Superalloys and How PECM Can Machine Them
Aerospace engineers are under increasing pressure to improve system efficiency, reduce cost, and decrease emissions. Necessary materials require constant improvement, such as resistance to thousand-degree temperatures while maintaining structural integrity, minimizing weight, and optimized manufacturing.
Engineers continue to innovate, developing new material alloys, however the primary challenge is to integrate these advanced ideas into manufacturing processes. Superalloy manufacturing is at the forefront of these issues.
What are superalloys? Superalloys were manufactured to combat the aforementioned engineering issues—they are the perfect materials for use in high-stress, high-temperature places where even the smallest structural changes from creep are not tolerated. However, other issues arose regardless. These alloys have very challenging mechanical properties which create obstacles for conventional machining. The very properties that provide the desirable high-temperature properties, can limit the ability to form a chip in a milling or turning operation. This is due in part to mechanical and structural abnormalities—these alloys can appear brittle or soft at times, posing various machining problems.
A viable, but often overlooked, solution is utilizing electrochemical machining (ECM) to machine parts from Superalloys. ECM is a no-stress, no-contact method which can easily machine iron, nickel, or cobalt based materials. This process also creates low roughness surfaces without recast layer or heat affected zones – critical to fatigue and corrosion performance at high temperatures.
Superalloys are also known to wear down CNC machining tooling at a faster rate than most other alloys, but ECM eliminates this issue by simply never coming into direct contact with the workpiece. The ECM tool, a cathode, does not experience any wear, improving the repeatability of the process, and saves the manufacturer money on recurring tooling costs.
The name “Superalloy” began to be used around the 1920s, as Nickel, Titanium, and Aluminum were combined for the interior parts of early gas turbines.

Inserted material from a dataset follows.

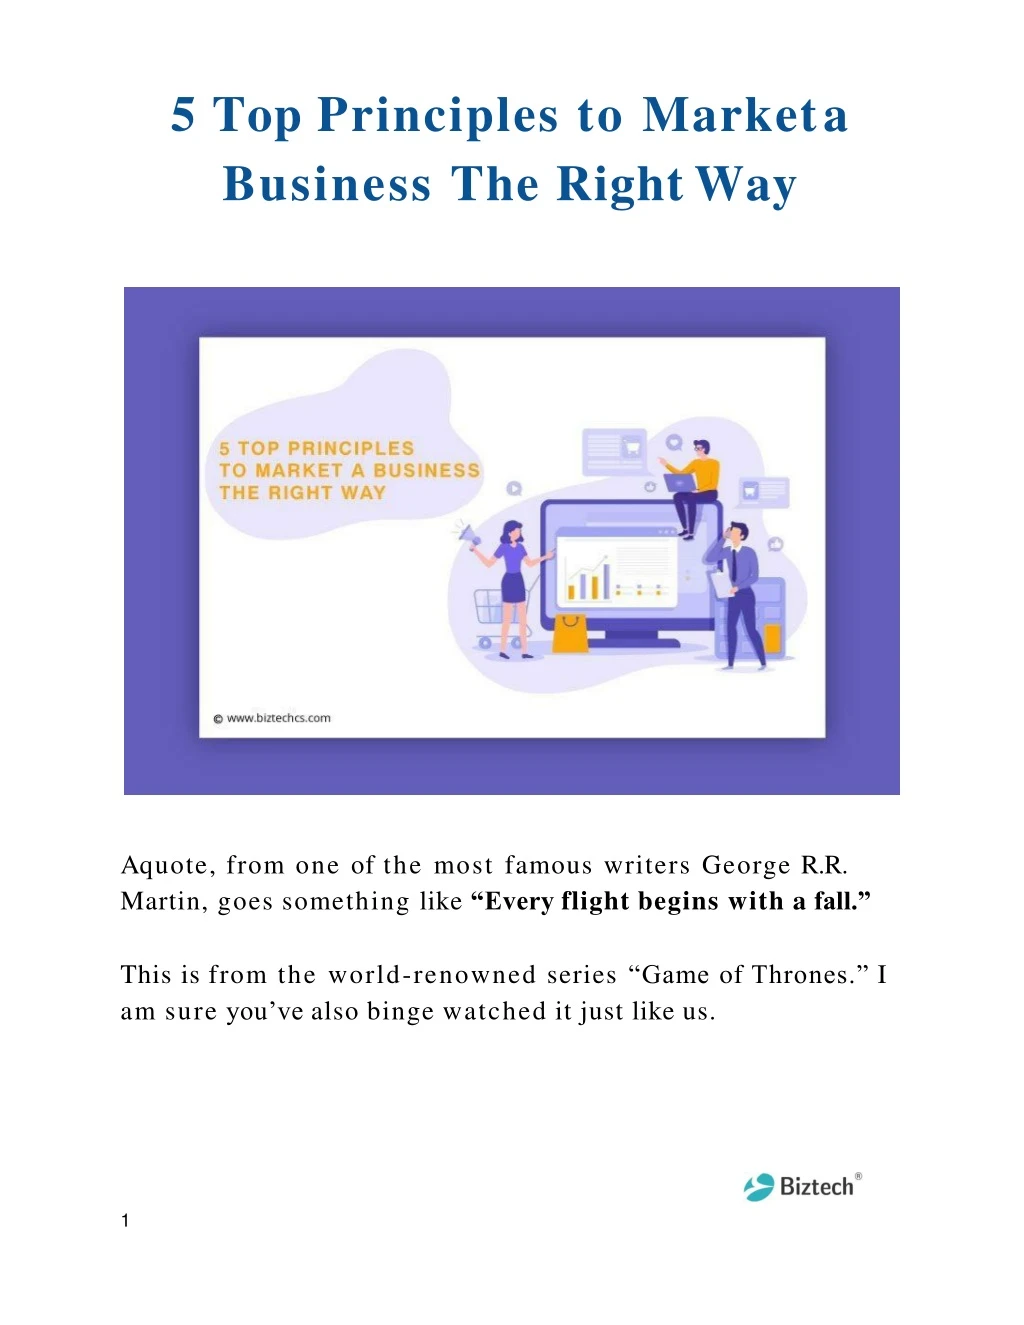 5 top principles to market a business the right way
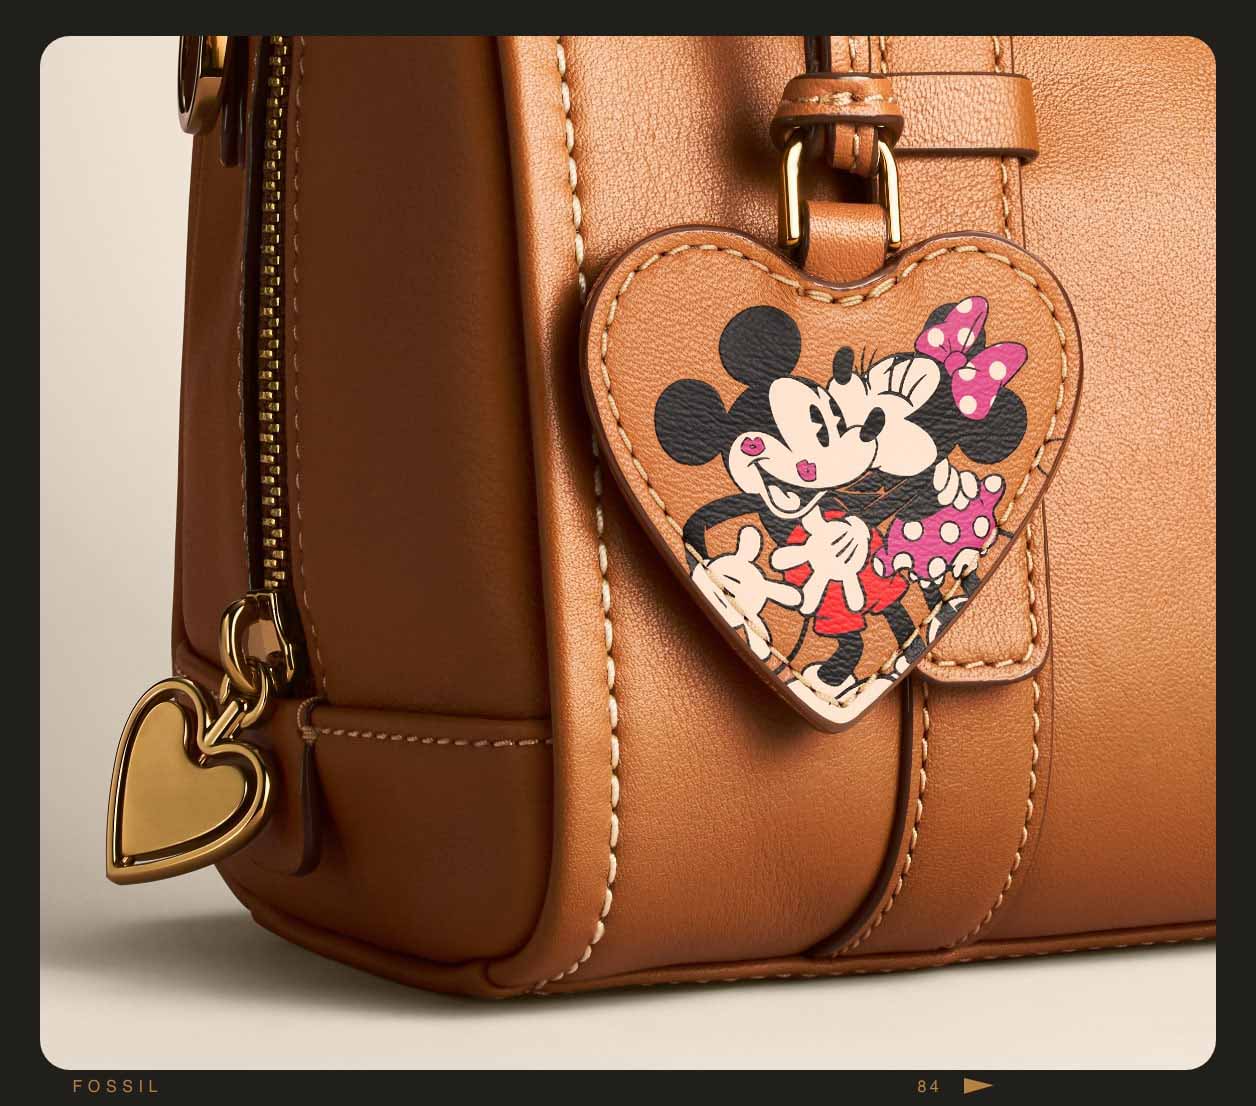 A close-up of the brown leather Carlie Mini satchel, showcasing the embossed Mickey Mouse and Minnie Mouse graphic.

Most Superalloys today are nickel-based, although Copper and Cobalt-based Superalloys are occasionally used. Many Superalloys contain other metals such as Chromium, Titanium, Tungsten, Niobium, and Aluminum.
Superalloys perform best in extreme high-temperature environments. The largest market is commercial jet engines, but other similar usages are in solar thermal power plants, heavy-duty heat exchangers, corrosive industrial environments, and rocket engines. Many design engineers seek to eliminate the use of Superalloys due to their costs – especially the manufacturing and supply costs. However, utilizing techniques such as ECM can drive down costs, enabling the use of Superalloys in applications which were previously cost prohibitive with conventional machining methods.
Researchers are constantly seeking to develop new alloys with an even higher resistance temperature, as industrial needs for gas turbines and heat exchangers increases. Better processing techniques are yielding purer alloys, and researchers are increasingly introducing refractory elements like Tungsten and Molybdenum. Engineers currently estimate the average aircraft engine's weight is 40-50% composed of Superalloys.
As the capabilities and applications of these unique alloys are developed, most conventional machining methods will be unable to adequately match the increased expectations of machining Superalloys. Voxel Innovations offers ECM solutions and seeks to educate various industry leaders across aerospace, medical device manufacturing, and more about Electrochemical Machining and its unique applicability to machining precise parts out of Superalloys.
Voxel has assisted a wide array of organizations and is a specialized contract manufacturer with ECM technology.